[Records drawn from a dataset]
※ ※ ※

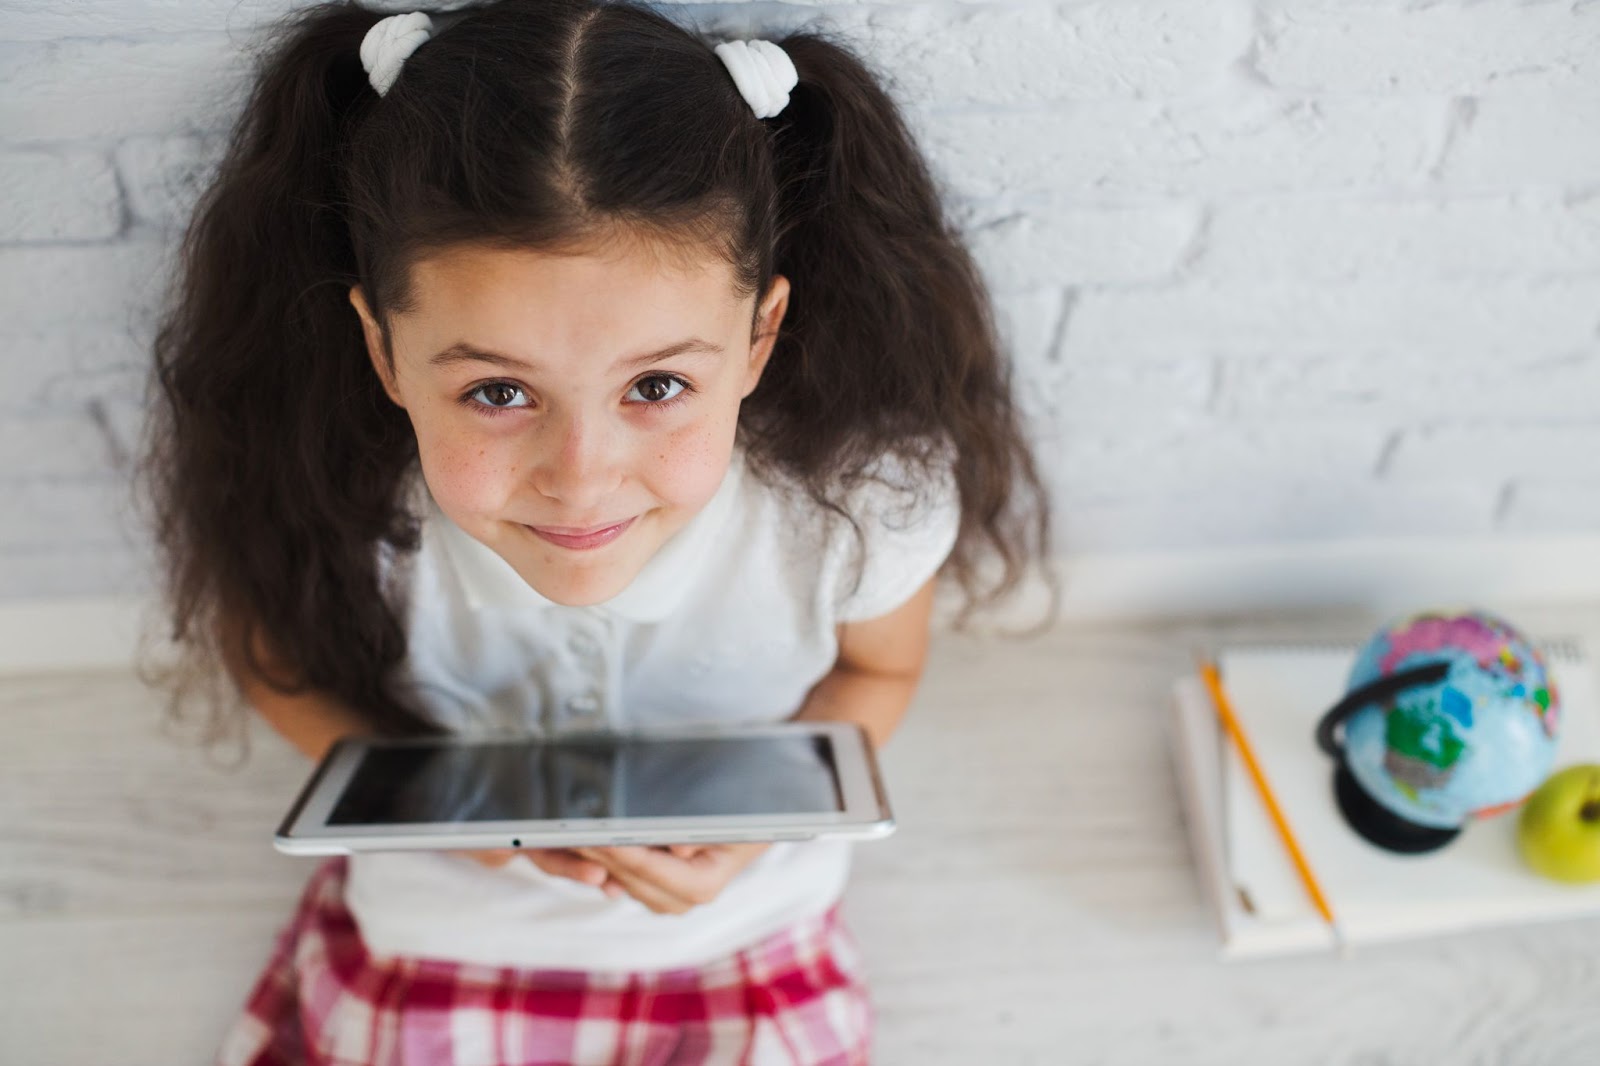 Uma menina sentada em um banco de madeira segura um tablet enquanto olha para cima. Ao seu lado há um caderno, um lápis e um pequeno globo terrestre.
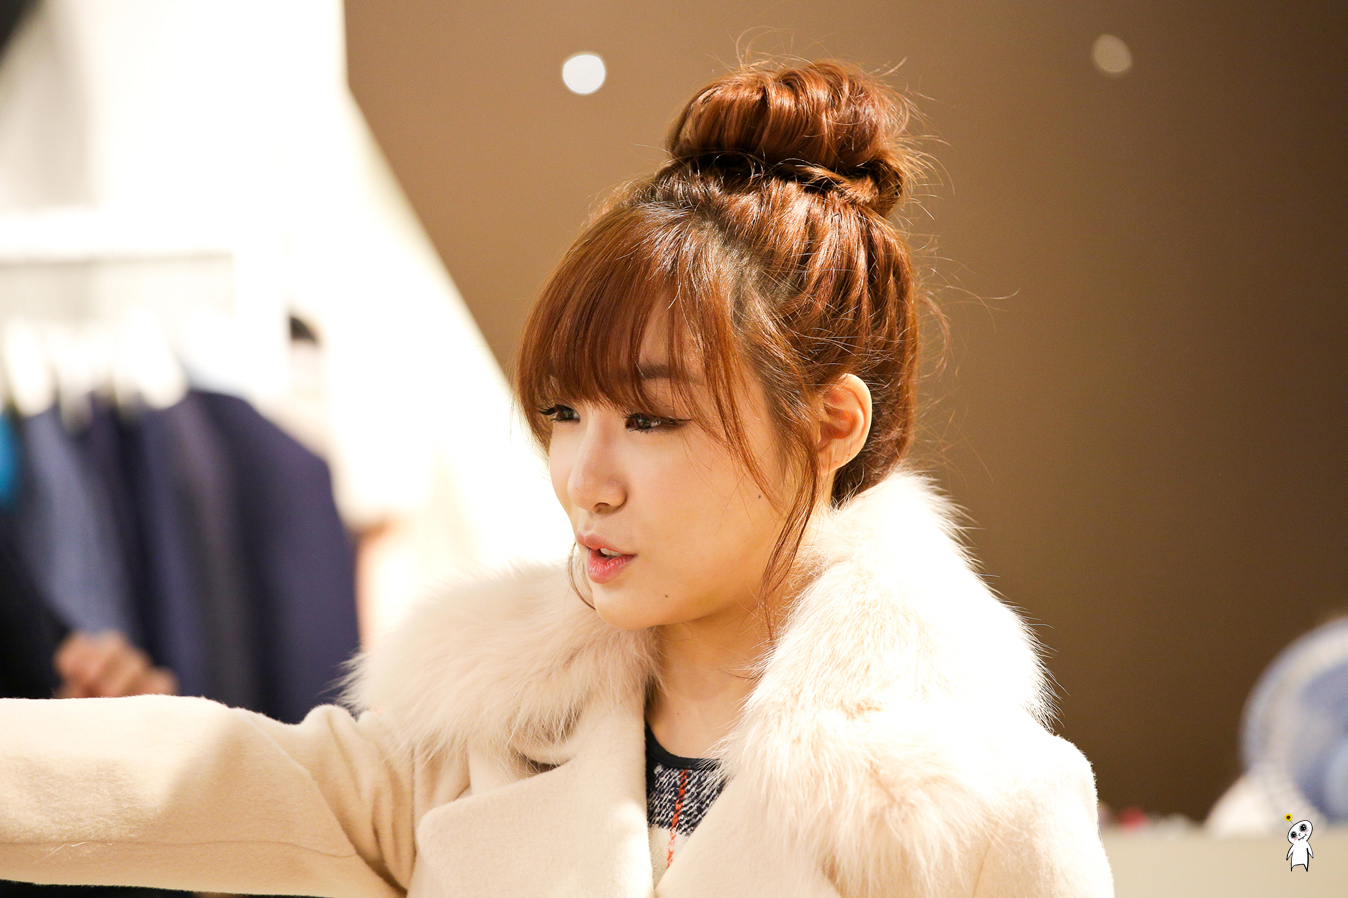 [PIC][28-11-2013]Tiffany ghé thăm cửa hàng "QUA" ở Hyundai Department Store vào trưa nay - Page 3 266B644152980C9601DC5E
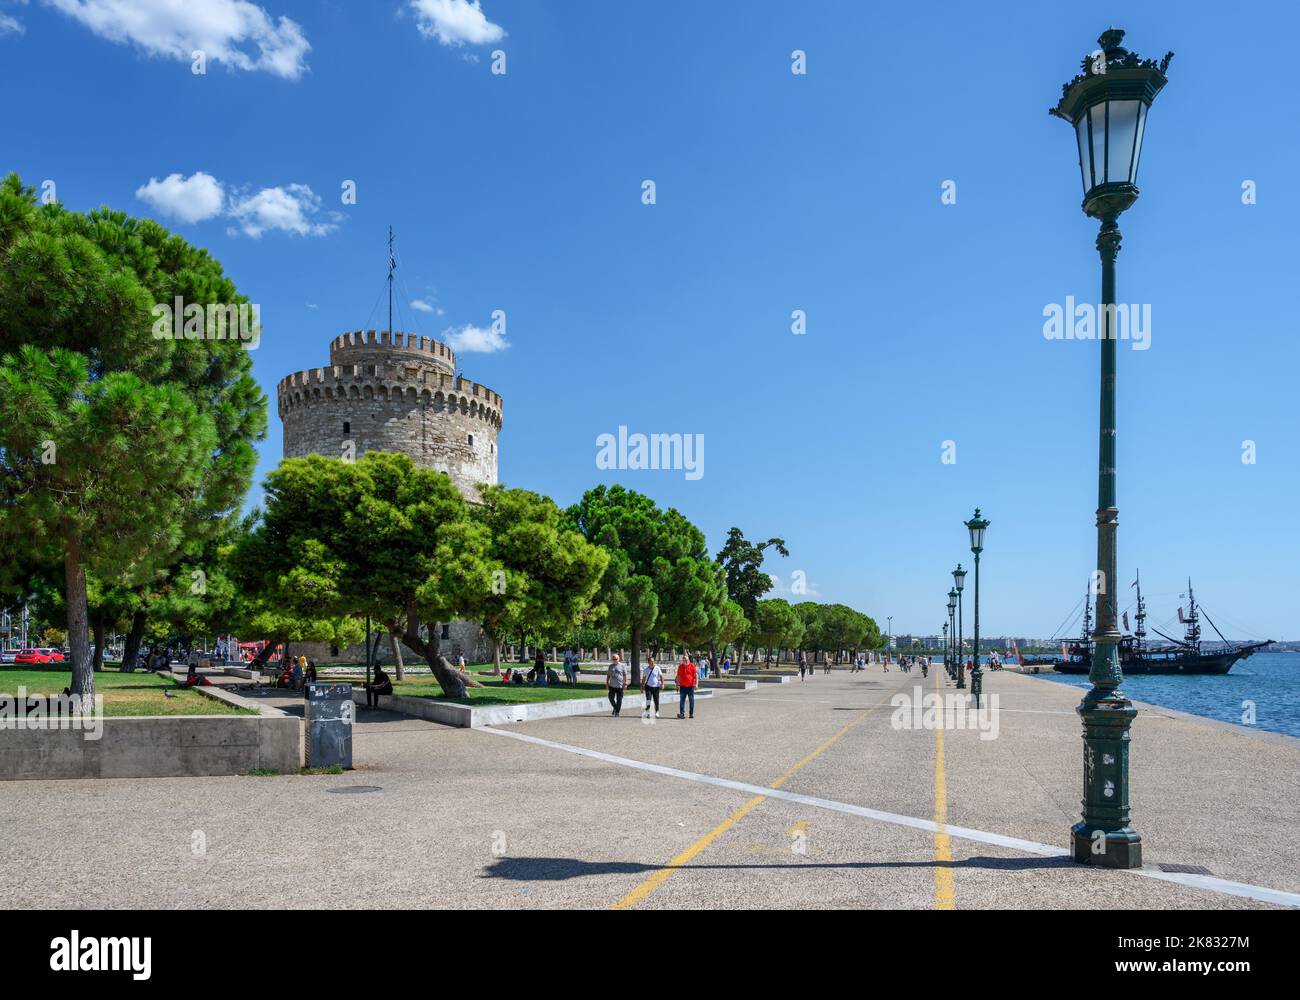 Thessaloniki. Uferpromenade und Weißer Turm (Lefkos Pyrgos), Nikis Avenue, Thessaloniki, Mazedonien, Griechenland Stockfoto
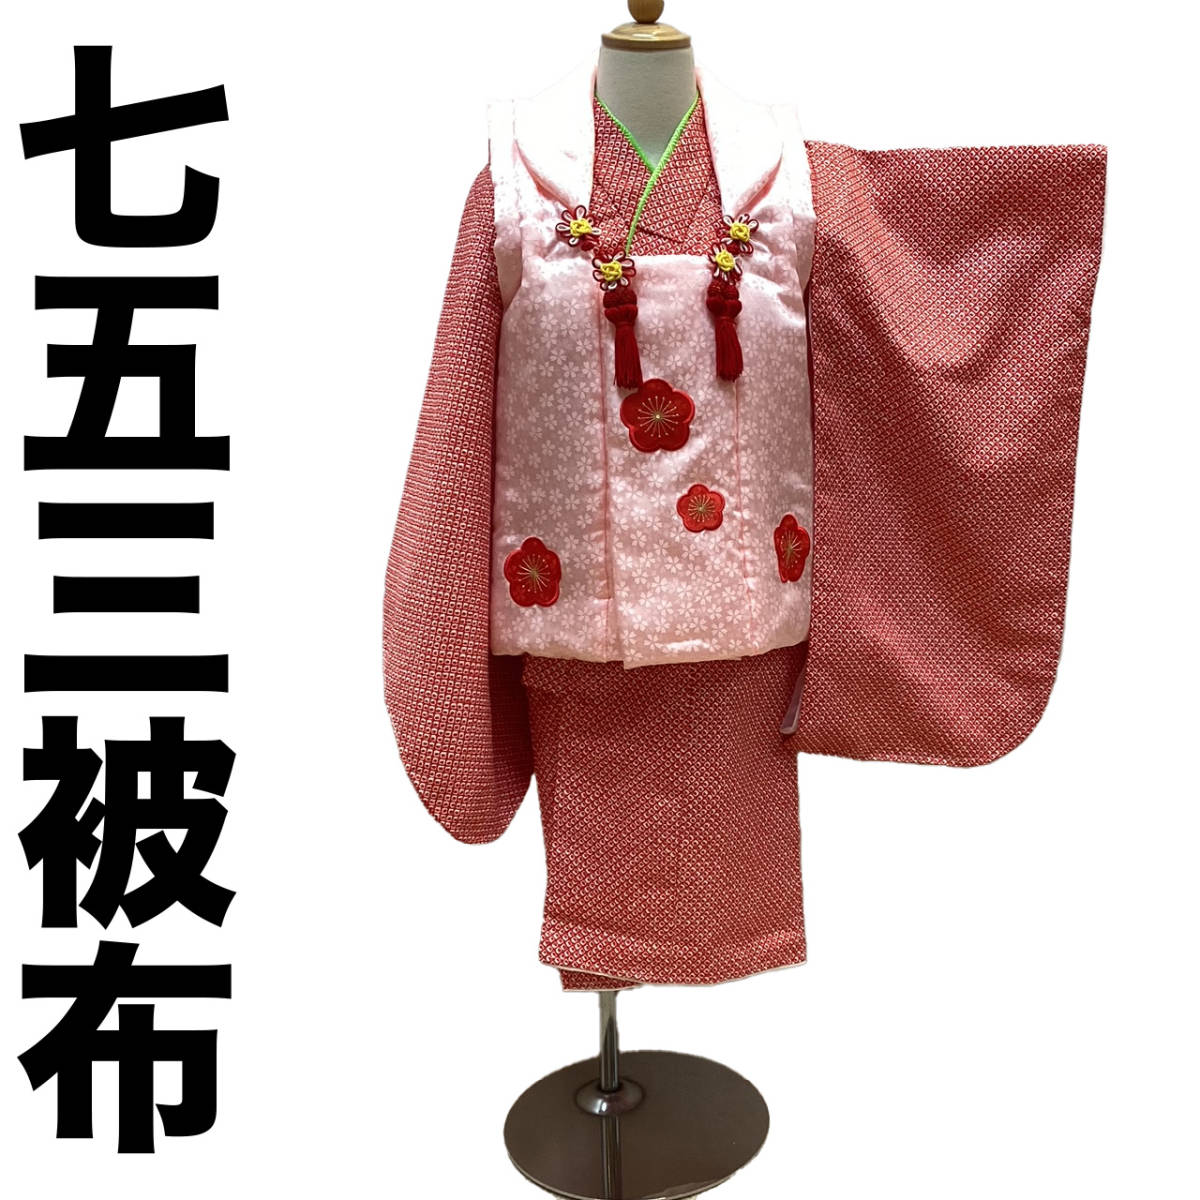  "Семь, пять, три" кимоно 3 лет mi509t. ткань пальто вышивка рисунок розовый земля новый товар включая доставку 
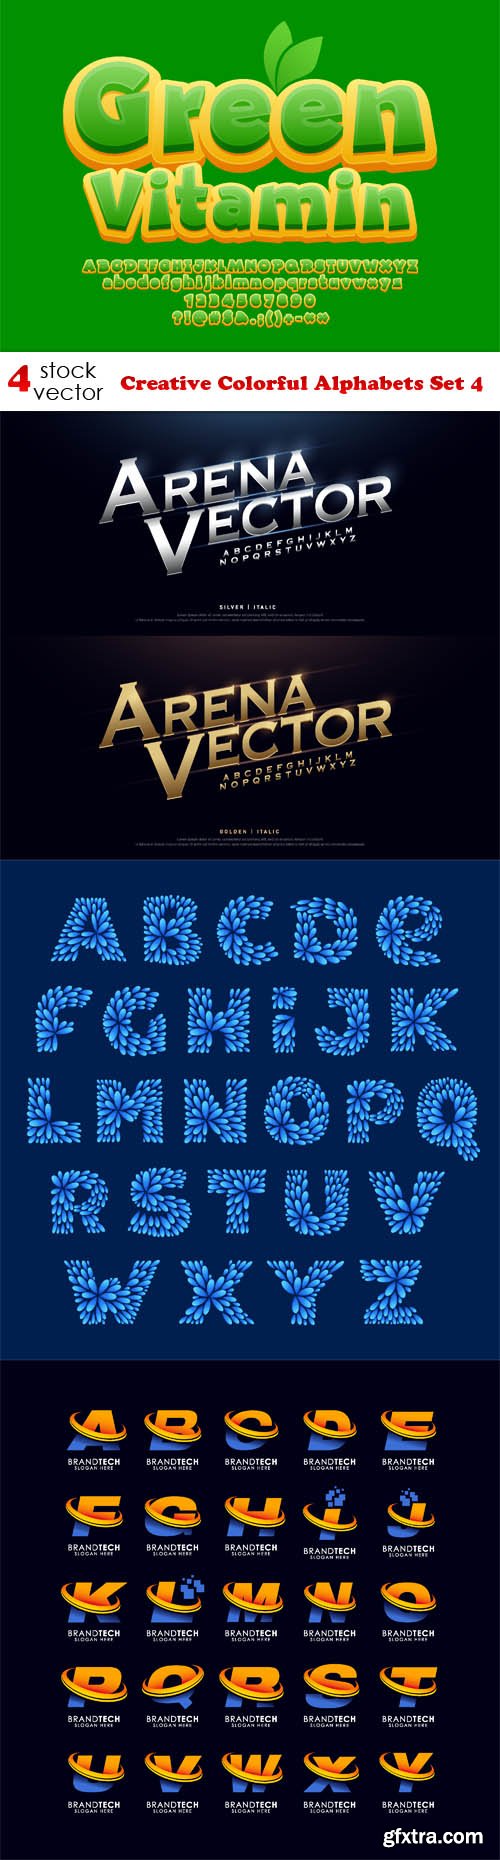 Vectors - Creative Colorful Alphabets Set 4

※ ※ ※

Work instructions | In the copy, include every entry above exactly and leave out each picture.

Answer for the task |
 Uma menina sentada em um banco de madeira segura um tablet enquanto olha para cima. Ao seu lado há um caderno, um lápis e um pequeno globo terrestre.
 [PIC][28-11-2013]Tiffany ghé thăm cửa hàng "QUA" ở Hyundai Department Store vào trưa nay - Page 3 266B644152980C9601DC5E
 Thessaloniki. Uferpromenade und Weißer Turm (Lefkos Pyrgos), Nikis Avenue, Thessaloniki, Mazedonien, Griechenland Stockfoto
  "Семь, пять, три" кимоно 3 лет mi509t. ткань пальто вышивка рисунок розовый земля новый товар включая доставку 
 Vectors - Creative Colorful Alphabets Set 4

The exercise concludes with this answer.